In other news I started documenting early thoughts about my caching reverse proxy, which has now got a name stockpile.

I wrote some stub code using node.js, and although it was functional it soon became callback hell:

  • Is this resource cachable?
  • Does this thing exist in the cache already?
  • Should we return the server's response to the client, archive to memcached, or do both?

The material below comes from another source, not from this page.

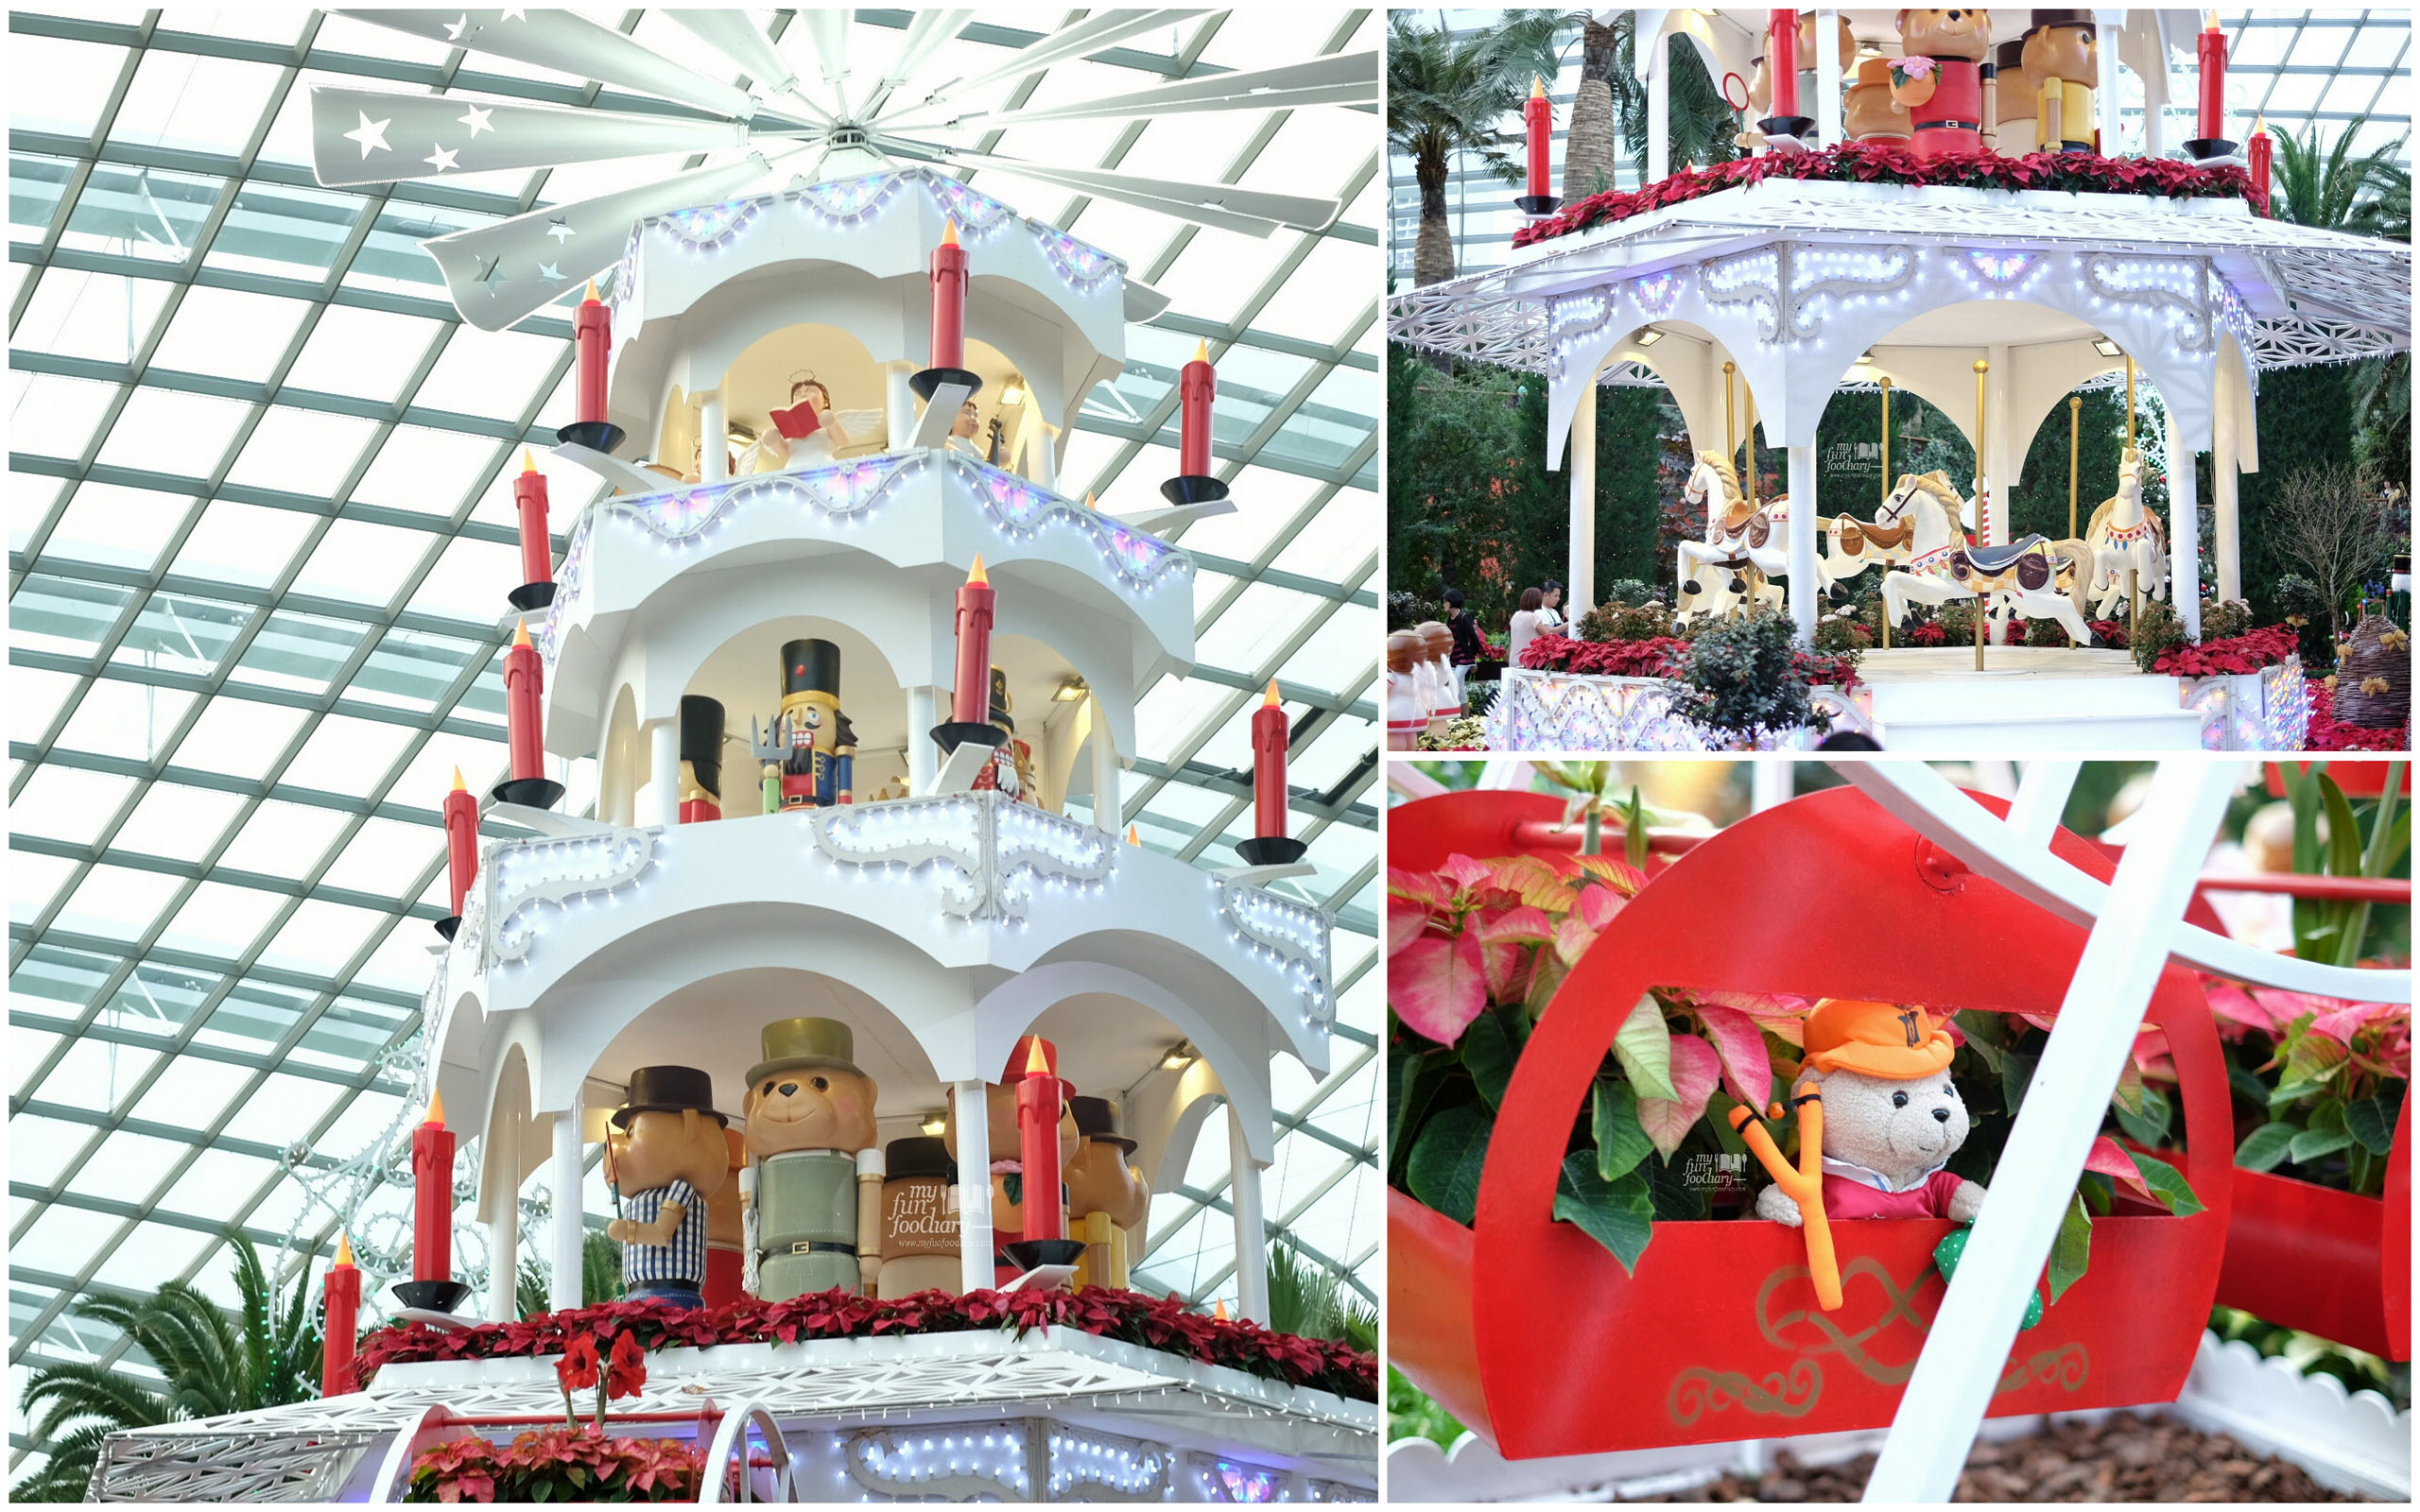 Christmas Toyland at Gardens By The Bay 2015 by Myfunfoodiary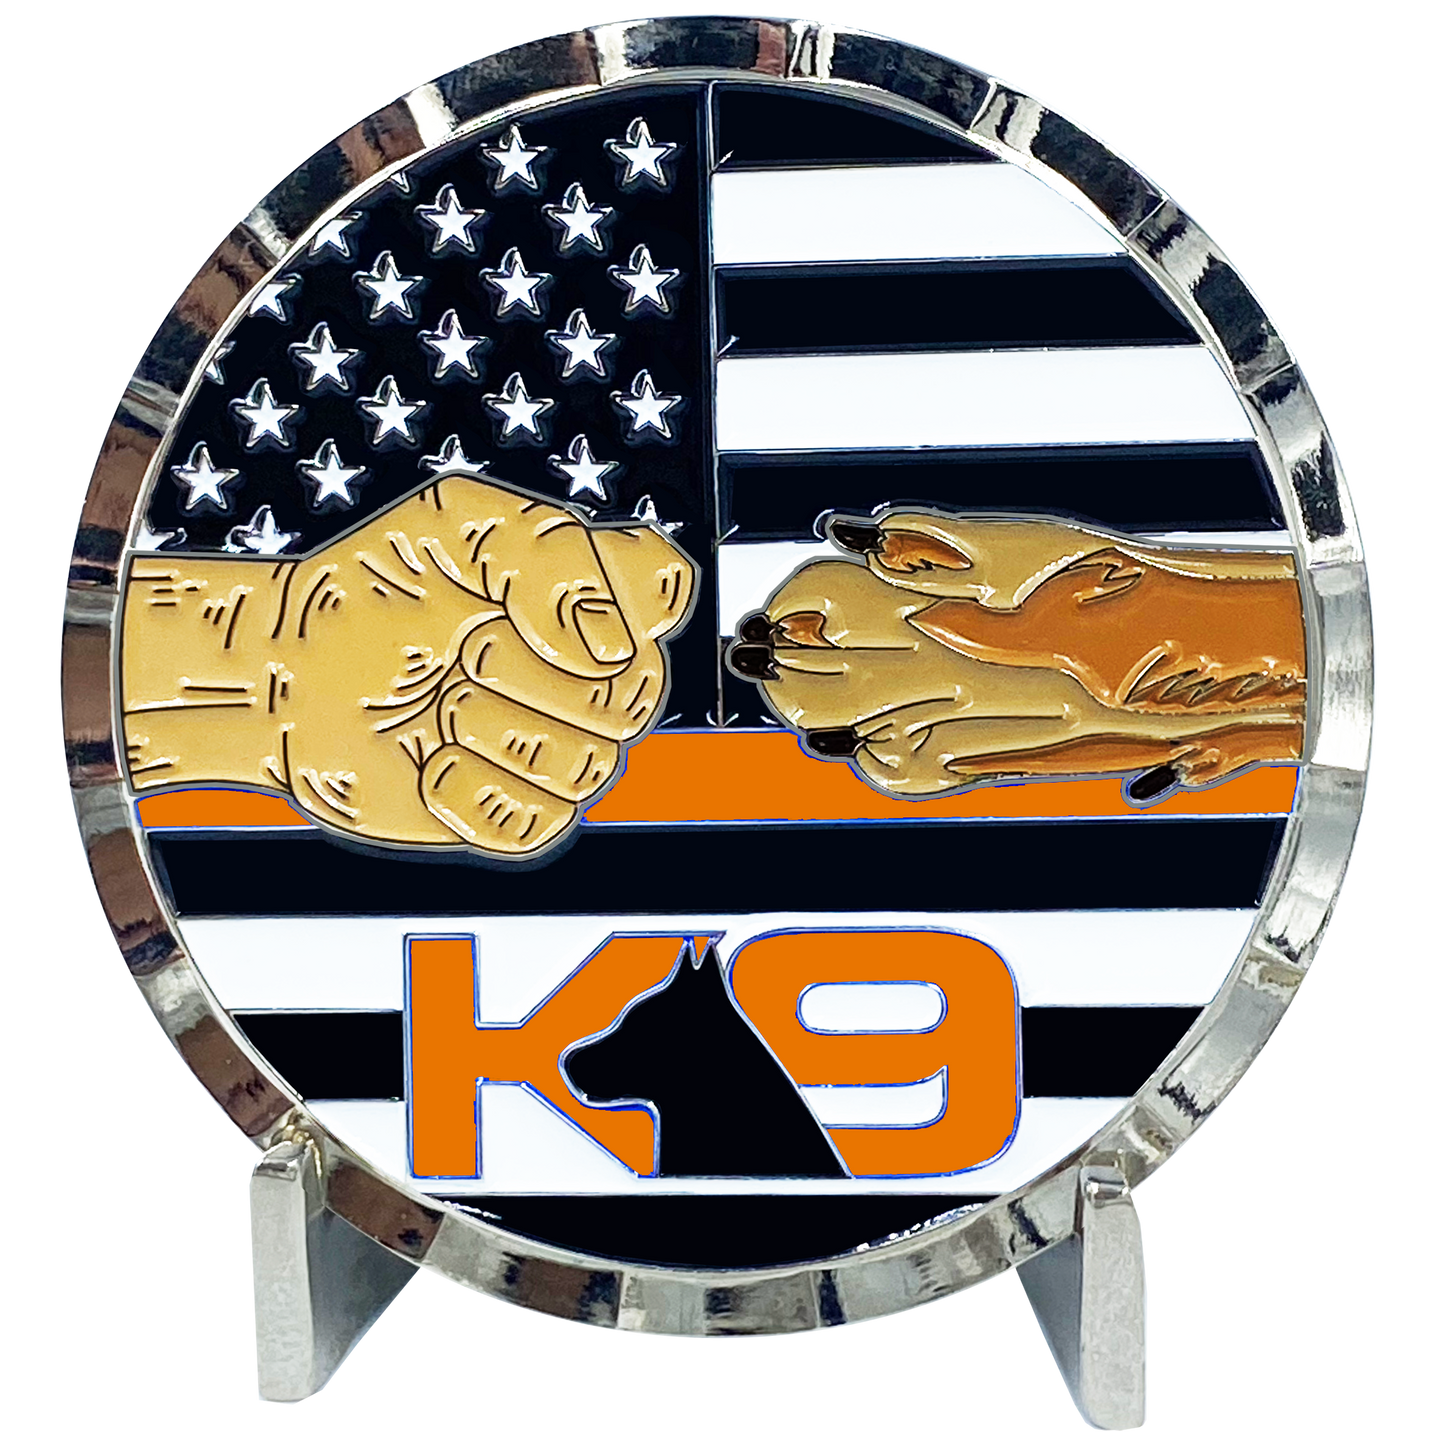 BL7-007 Thin Orange Line Search and Rescue Challenge Coin Fist Paw Bump Police Fire Department Military

Expressing the rules neatly is also a challenge. I want the server core to be simple and the configuration to be something like:

is_cachable ( vhost, source, request, backened )
{
    /**
     * If the file is static, then it is cachable.
     */
    if ( request.url.match( /\.(jpg|png|txt|html?|gif)$/i ) ) {
        return true;
    }

    /**
     * If there is a cookie then the answer is false.
     */
    if ( request.has_cookie? ) { return false ; }

    /**
     * If the server is alive we'll now pass the remainder through it
     * if not then we'll serve from the cache.
     */
    if ( backend.alive? ) {
        return false;
    }
    else {
        return true;
    }
}

I can see there is value in judging the cachability based on the server response, but I plan to ignore that except for "Expires:", "Etag", etc ,etc)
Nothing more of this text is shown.